### Your goal
Although the listing contains pictures, reproduce only its text, exactly as written.

### Data block
________________________
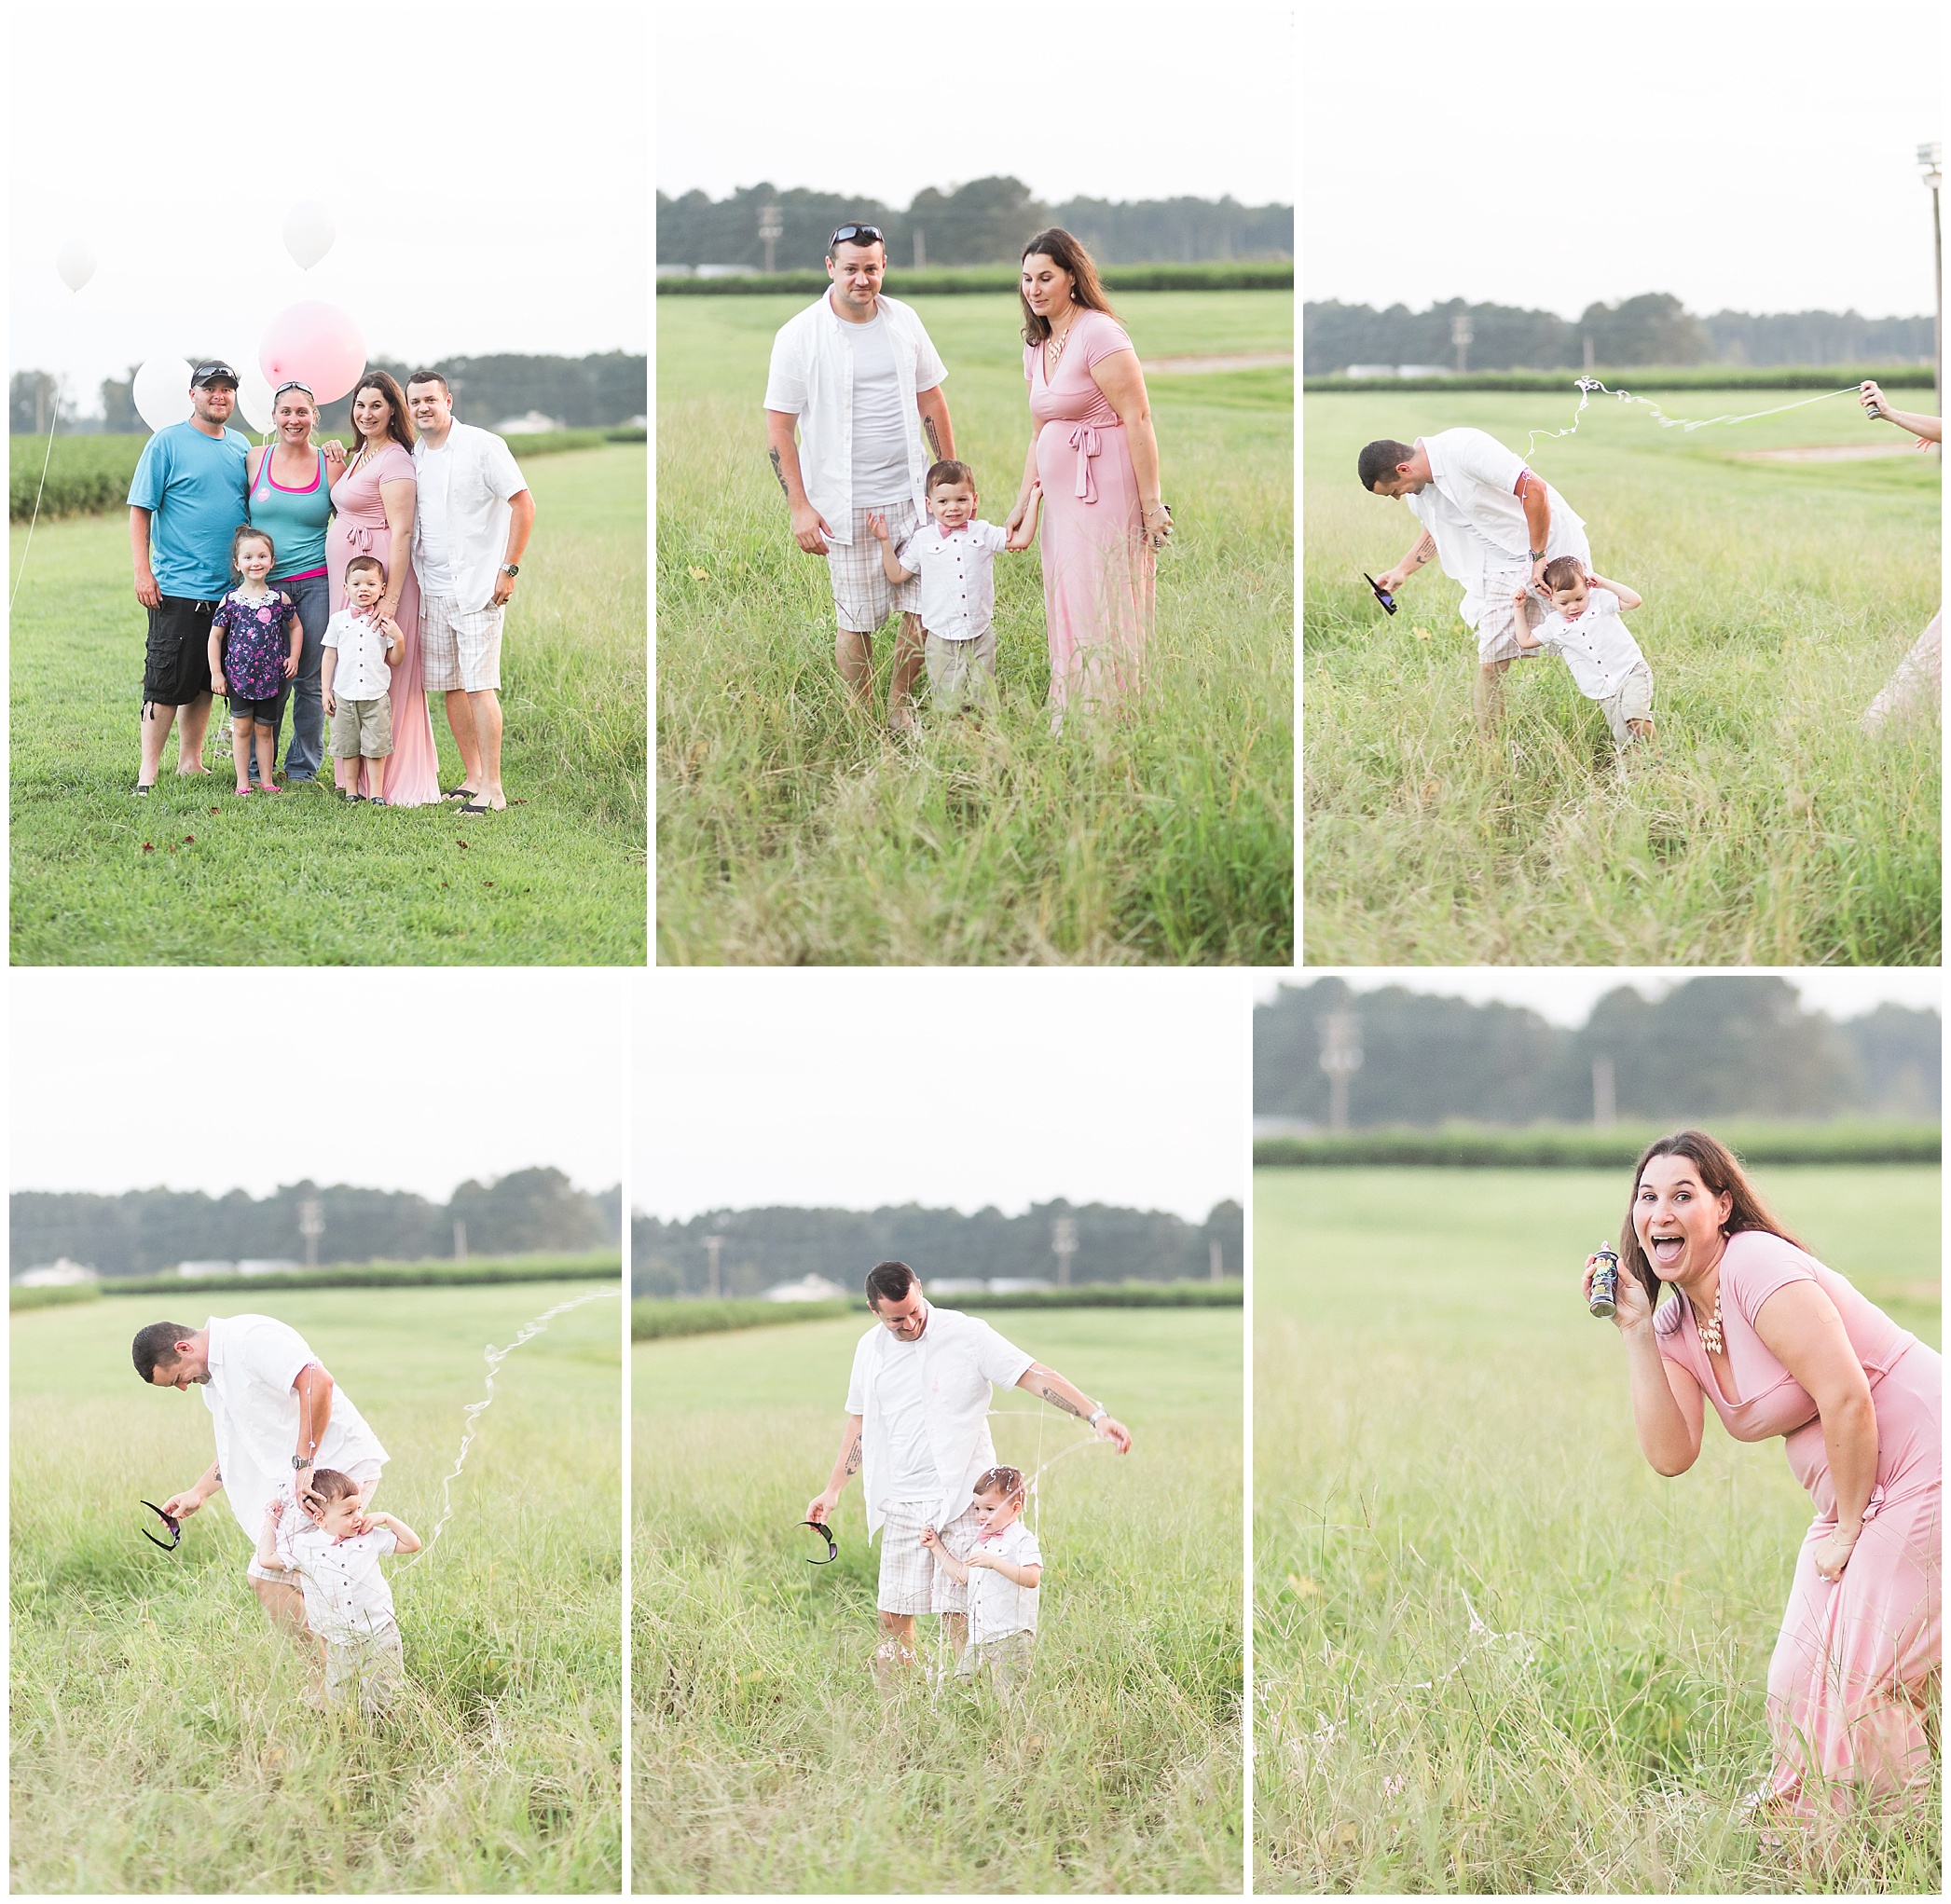  Julie, David, and Laynie helped me with one last surprise I had up my sleeve. They held on to the pink silly string until our photos were done so I could get Hunter and Liam. I am not outnumbered anymore lol! I scared my poor Liam at first though un
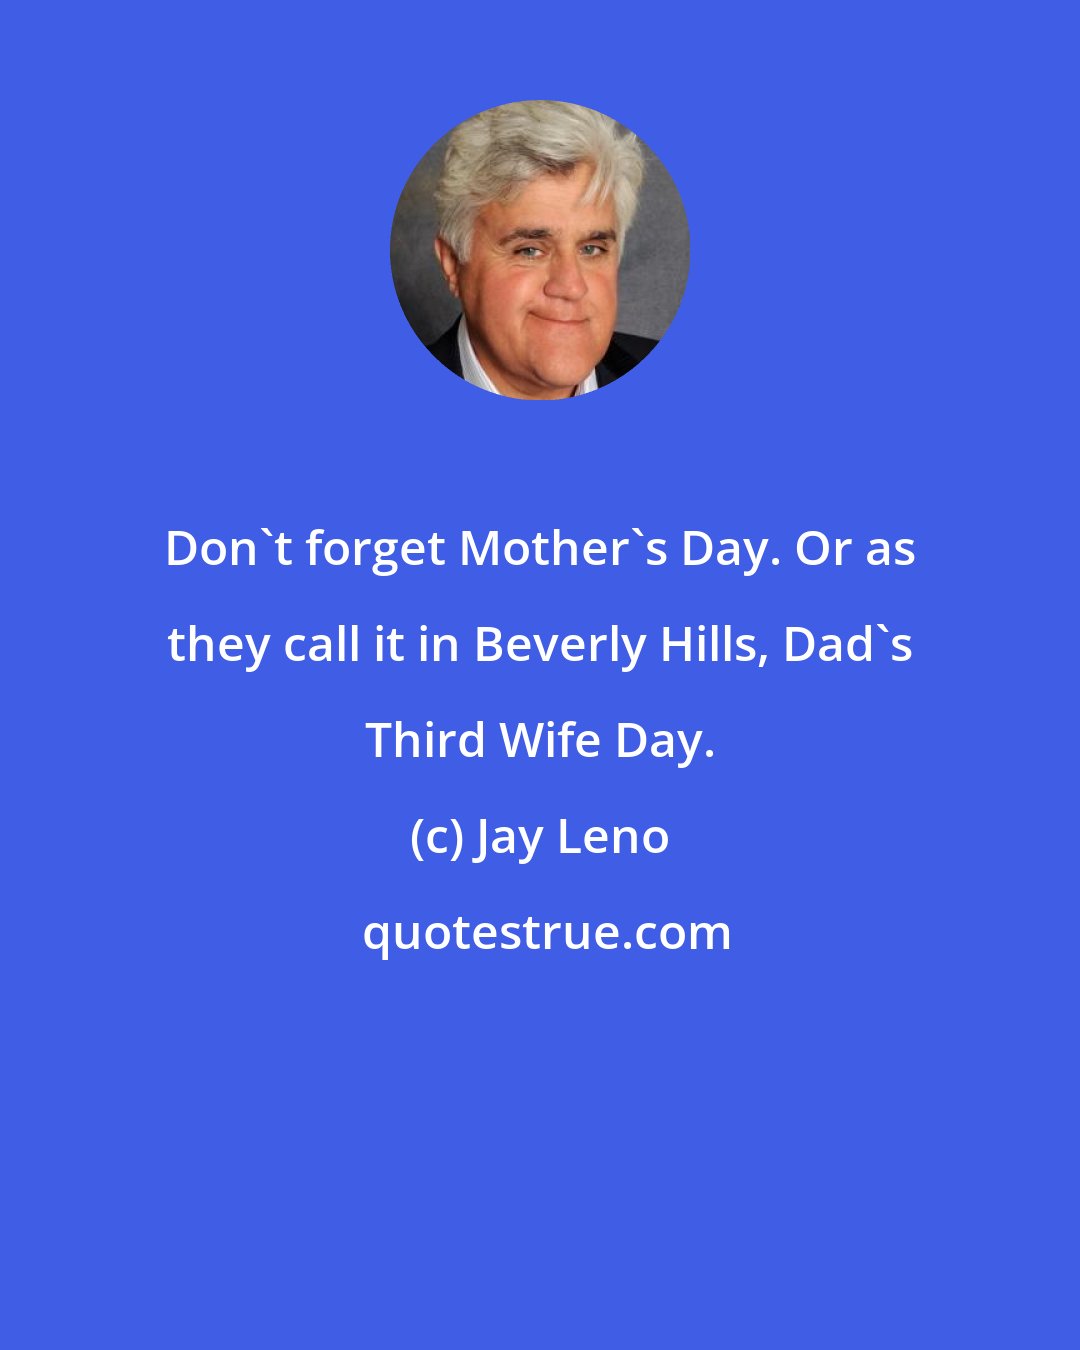 Jay Leno: Don't forget Mother's Day. Or as they call it in Beverly Hills, Dad's Third Wife Day.
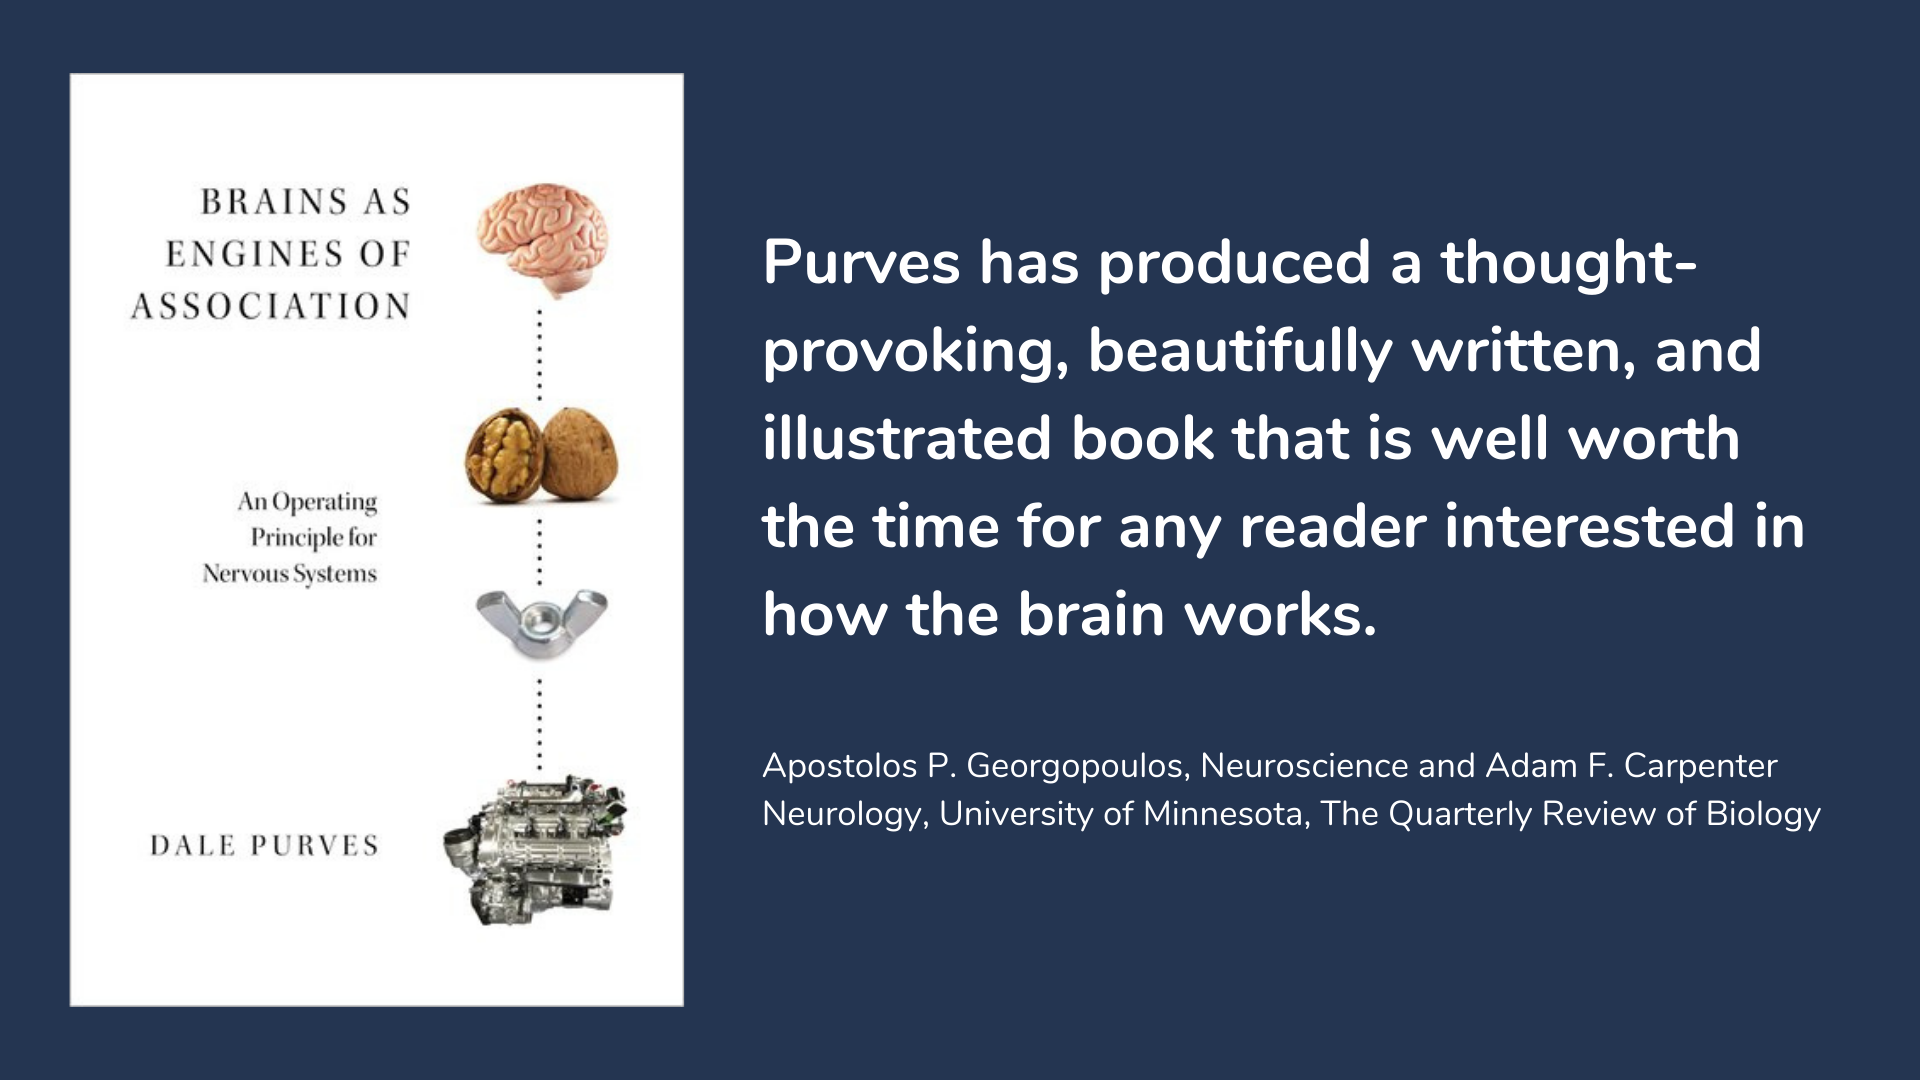 Brains as Engines of Association, book cover and description.
________________________
### Task output
  Julie, David, and Laynie helped me with one last surprise I had up my sleeve. They held on to the pink silly string until our photos were done so I could get Hunter and Liam. I am not outnumbered anymore lol! I scared my poor Liam at first though un
 Jay Leno: Don't forget Mother's Day. Or as they call it in Beverly Hills, Dad's Third Wife Day.
 Brains as Engines of Association, book cover and description.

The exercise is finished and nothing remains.